Originally posted at: https://redefine.io/blog/buffered-sequences/

The Clojure core namespace boasts an impressive array of functions, numbering over 600 by my estimation. Even with many years of Clojure development under my belt, I still stumble upon hidden treasures. In this post, I’ll delve into how the consumption of various lazy sequences influences computation. Lazy sequences have been a staple in Clojure since version 1.0, so they’re hardly a novelty. There are distinct types of lazy sequences in Clojure: the “truly” lazy ones, chunked sequences, and “buffered” sequences. I believe most Clojure developers will be familiar with at least the first two types. This article primarily shines a spotlight on the “buffered” sequences (or queued sequences) and their unique behaviors. Through a series of examples, we’ll navigate the nuances of these sequences and observe their behaviors upon consumption.

Lazy sequences

In its simplest form, a lazy sequence in Clojure can be constructed using lazy-seq. lazy-seq takes a body of expressions and it delays the evaluation until it is requested, similarly to an iterator that executes the body only when the .next() method is invoked. For instance, to create a lazy sequence of all integer numbers we can write:

(defn my-lazy-seq
  ([]
   (my-lazy-seq 0))
  ([n]
   (lazy-seq
     (cons n
       (my-lazy-seq (inc n))))))

(take 10 (my-lazy-seq))
;; => (0 1 2 3 4 5 6 7 8 9)

There are many other functions in the Clojure core which return lazy sequences as well. For example we could rewrite the previous function using iterate:

(defn my-lazy-seq
  []
  (iterate inc 0))

(take 10 (my-lazy-seq))
;; => (0 1 2 3 4 5 6 7 8 9)

The two functions are equivalent. To illustrate the different behaviours let’s introduce two functions: load and process.

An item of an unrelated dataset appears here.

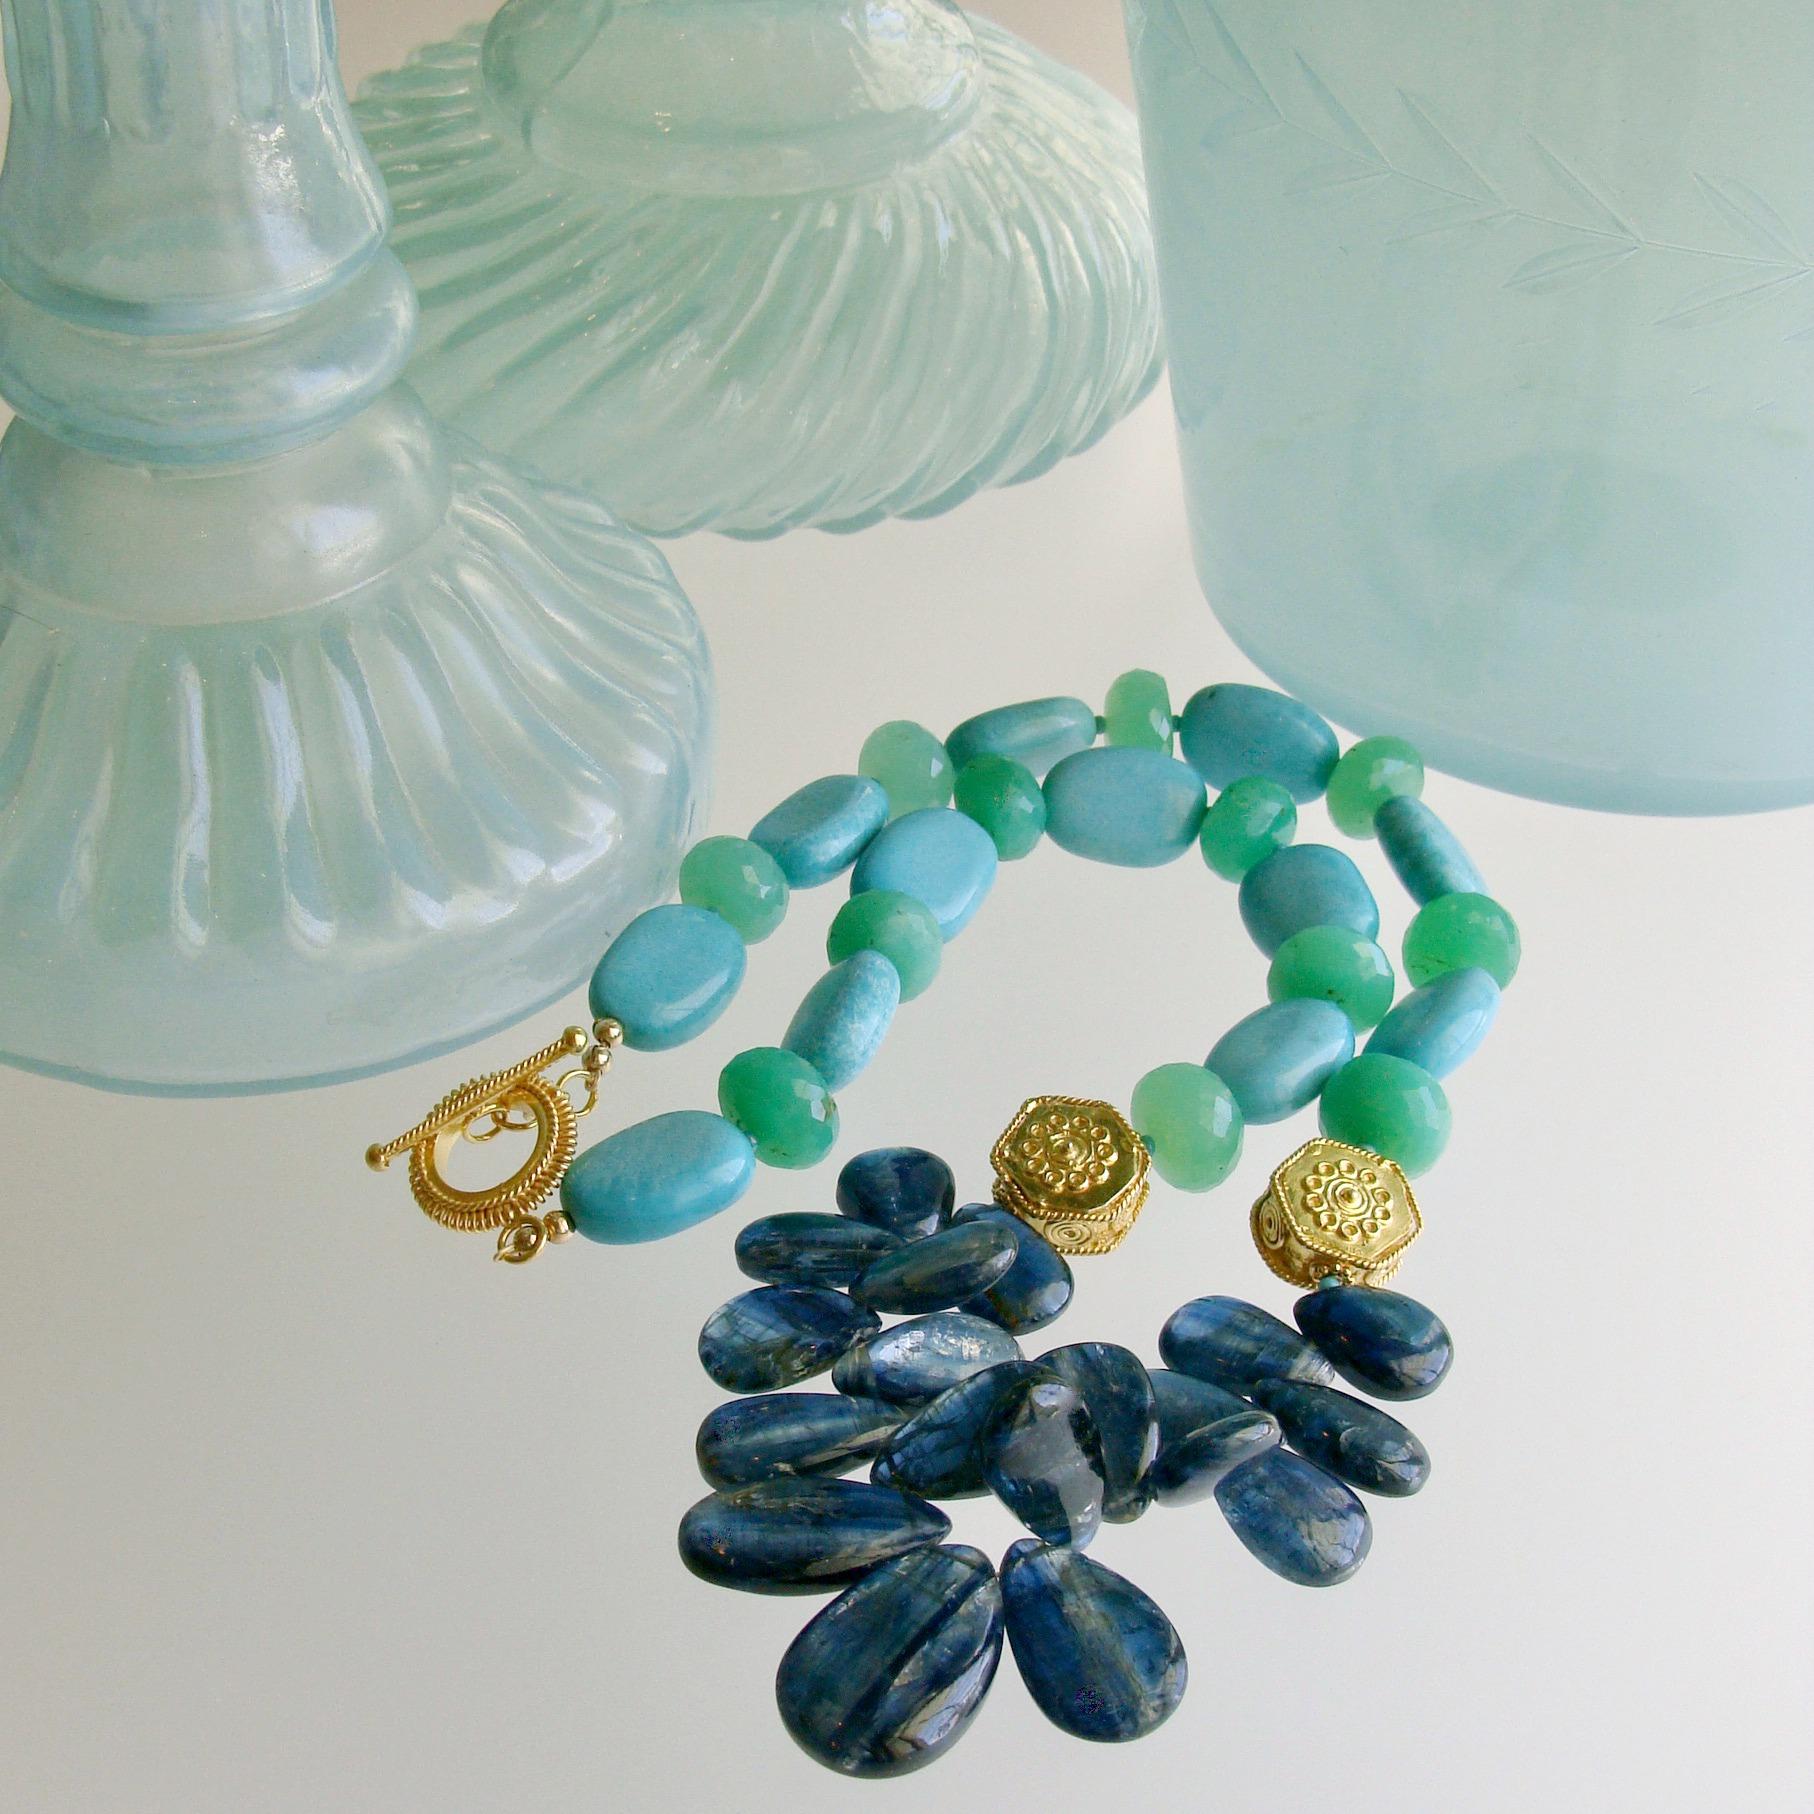 Artisan Kyanite Turquoise and Chrysoprase Statement Necklace, Lala II Necklace

For the sake of the example let’s assume that my-lazy-seq returns the path of files to be processed, or the ids of some database records to be processed, the function load will simulate the retrieval from the db, and the function process represents a function performing computations on the retrieved data.

(defn load
  [v]
  (printf "Loading: %d \n" v) (flush)
  (Thread/sleep 200)
  v)

(defn process
  [v]
  (printf "Processing: %d \n" v) (flush)
  (Thread/sleep 600)
  v)

To process the first 10 items of my-lazy-seq we could write:

(->> (my-lazy-seq)
     (map load)
     (map process)
     (take 10))

There are a few things to point out from the above lines:

  1. evaluating this expression won’t cause the execution of neither load nor the precess function.
  2. map and take both return lazy sequences, therefore evaluating the expression will only create a chain of lazy sequences which upon consumption will cause a chain reaction of load/process calls.
  3. evaluating the code in a REPL or an IDE will certainly trigger the execution of the load and process functions because the REPL will attempt to print the result. The default behaviour of the REPL is to print the content of a sequence up to the *print-length*. It is good practice to set a limit into to your REPL configuration. For example: (set! *print-length* 100) will tell the REPL to only consume and print the first 100 items of a sequence. The default value is nil which tells the REPL to consume it all. Evaluating lazy infinite sequences like my-lazy-seq on the REPL without *print-length* will cause the REPL to hang.
  4. For completeness I will add a doall at the end of each evaluation to force the lazy sequence to be realized regardless of a specific *print-length* configuration.
(->> (my-lazy-seq)
     (map load)
     (map process)
     (take 10)
     (doall))

;; Loading: 0
;; Processing: 0
;; Loading: 1
;; Processing: 1
;; Loading: 2
;; Processing: 2
;; Loading: 3
;; Processing: 3
;; Loading: 4
;; Processing: 4
;; Loading: 5
;; Processing: 5
;; Loading: 6
;; Processing: 6
;; Loading: 7
;; Processing: 7
;; Loading: 8
;; Processing: 8
;; Loading: 9
;; Processing: 9
;; => (0 1 2 3 4 5 6 7 8 9)

That’s pretty much what we expected. Every item of the lazy sequence is loaded first and then processed in a strict succession.

To better visualize what is happening I’ve instrumented the load and process functions with μ/trace and published the traces into Jaeger.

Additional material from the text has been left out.